In my case it was external issues that led to lack of sex, which then exacerbated both the relationship and sex. It snowballs over time and becomes a bit like a never ending game of snakes and ladders. 

There is never 1 simple answer to these problems, sometimes it even goes right back to childhood or dissatisfaction with sex mix in stress at work, followed by resentment outside of sex, plus lack of communication and so on and so forth. Over several years it is hard to pinpoint where it all went wrong.


----------



## Married but Happy (Aug 13, 2013)

terrylee said:


> The question is, does lack of sex contribute to a bad relationship, or does a bad relationship lead to less sex?


Yes, and yes. Either can be true, depending on the couple, and both can be true for one couple. It's not an either/or proposition.


----------



## alexm (Nov 29, 2008)

terrylee said:


> Sex is often the basis of the tension that arises between men and women, both within relationship and outside. All research shows that sex is the single biggest factor in couples having problem getting on with each other, whether it's about different levels of desire, different timing of desire of simply one person no longer fancying the other. When it comes to complaints about sex, men usually say there is not enough, while women claim there is too much.
> 
> The question is, does lack of sex contribute to a bad relationship, or does a bad relationship lead to less sex?
> 
> I would like to hear what you think.


It really varies and depends on the people.

With my ex wife, we had fairly frequent sex, but it wasn't good, and our relationship wasn't that great, either. Yet we still had sex ~3 times a week.

Currently, my relationship is very good, but we have great sex 3 or 4 times a _month_.

However, I have to say that sex is really the only thing we fight about, and it's often a bone of contention for one or both of us.

It's often (like in my case) not the actual physical sex that's the issue, but everything that goes with it, including having a partner that wants to meet your needs, or is in to you, or simply has a sex drive to begin with. A mismatch in these regards can create doubt and, over time, resentment.

My ex wife, for all her faults (and a generally bad marriage for various reasons) was still a sexual person. My current wife is not. Outside of the 20, 30, 40 minutes a week (usually on the same day) there's absolutely no sexuality in any way, shape or form. So with that comes no anticipation or build-up, and that's my actual need - not the physical sex.

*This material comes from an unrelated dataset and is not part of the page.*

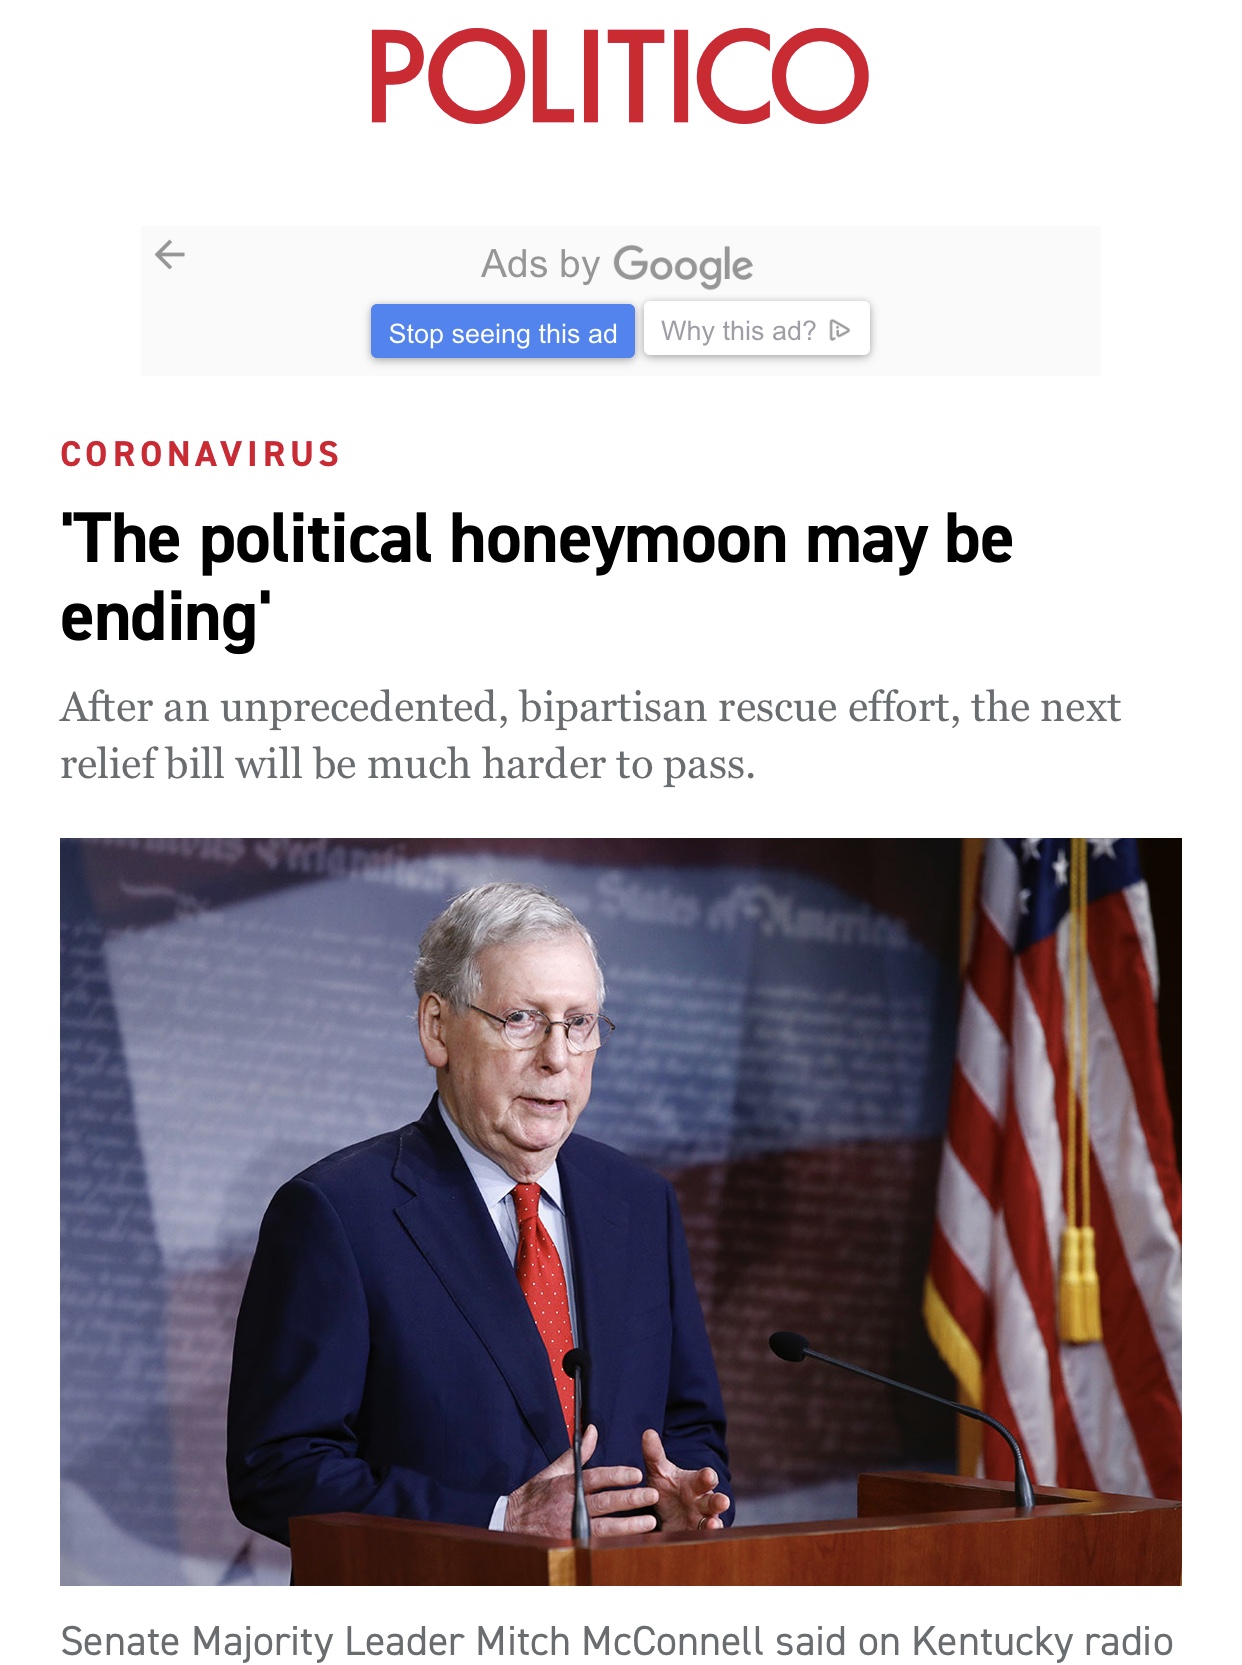 The Political Honeymoon May Be Ending

Everybody has different relationship needs. What I've learned in 25+ years of dating and relationships and marriage is that when it comes to these needs, sex is pretty much the only one that some people feel is 'okay' to not meet for their partners sakes, if they don't want to, and especially if they're confronted. It's often a case of one person's 'compromise' being the bare minimum in the eyes of the other. Or worse, no compromise at all (such as in the case of BJ's or HJ's).


----------



## Holdingontoit (Mar 7, 2012)

I agree with @Married but Happy. Not either / or. It is both. A bad sex life leads to a worse relationship and a bad relationship leads to a worse sex life. And it is the same in the other direction. Sometimes improving the relationship will lead to a better sex life. And sometimes improving the sex life will lead to a better relationship.


----------



## jb02157 (Apr 16, 2014)

terrylee said:


> The question is, does lack of sex contribute to a bad relationship, or does a bad relationship lead to less sex?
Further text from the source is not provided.